Fifth Circuit Reverses Defendant’s Conviction Because Judge Improperly Dismissed Teacher-Juror Based on Principal Saying She Was The Only 7th Grade Math Teacher at The School

Pursuant to Federal Rule of Criminal Procedure 24(c)(1), seated jurors can only be dismissed if they are “unable to perform or who are disqualified from performing their duties.” So, what should the court do when the principal for a juror-teacher calls the court and says she’s the only seventh grade math teacher at the school? The answer is not to do what the court did in United States v. Carpenter, 2025 WL 1720670 (5th Cir. 2025).

In Carpenter, the facts were as stated above. Over defense counsel’s objection, the trial judge decided to (kind of) dismiss the juror, ruling as follows:

If I heard this [during voir dire], I would have excused her…. [G]iven that we’re early on in the trial—

….

But what I plan to do is not excuse her until the end of the day because if we have some sort medical emergency with another juror, like I would like to know as much as I can…. I will hold her back and excuse her on the record once we’re done at the end of the day.

In later reversing the defendant’s convictions, the Fifth Circuit ruled as follows:

In this case, the district court did not make any finding that the dismissed juror was “unable to perform” her duties under Rule 24(c). Nor did the court find that the juror’s “ability to perform” was “impaired” in any way….Instead, the court indicated that because it would have excused the juror for “undue hardship” had it received the school principal’s email during voir dire, it would dismiss her after the first day of trial on the same basis. This suggests that the district court looked not to whether the juror was “unable to perform” as Rule 24(c)  requires but rather to whether jury service would impose an “undue hardship or extreme inconvenience” under § 1866(c). To the extent the district court conflated the two standards, doing so was error.
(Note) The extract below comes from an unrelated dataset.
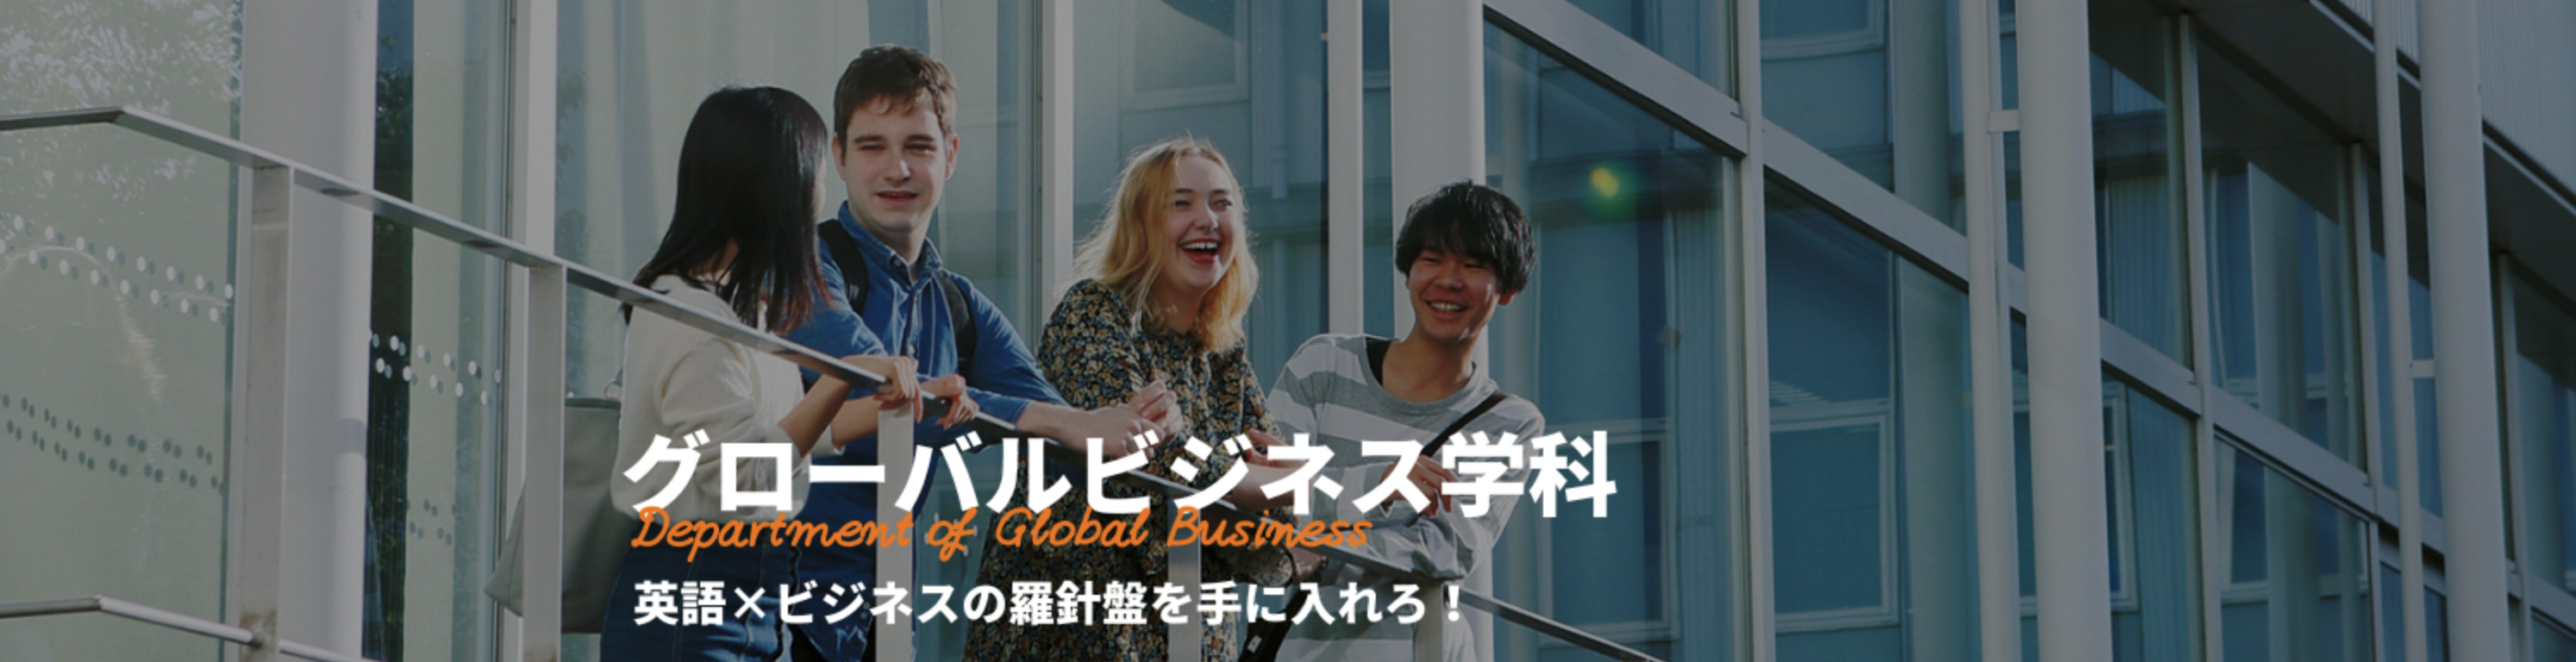 グローバルビジネス学科 | 名古屋外国語大学 現代国際学部グローバルビジネス学科|グローバル共生の世界へ

What can be divined from the record indicates that the juror was not “unable to perform” at all. When the district court first raised the principal’s email with the parties, the court noted that one option was to “tell the principal, so sorry, but we decided not to” excuse the juror. When the court later decided to dismiss her, it nonetheless kept her on the jury until the end of the day, holding her in reserve in case another juror had to be excused because of “some sort of medical emergency”—indicating that the court would not have excused her had another juror actually become unable to serve or disqualified from serving. And when the court finally excused the juror, it suggested that she had in fact been performing her duties: The court thanked her “for paying attention” and “for not begging and pleading” to be excused during voir dire. This record undermines any implicit finding that the juror was unable to serve within the confines of Rule 24(c).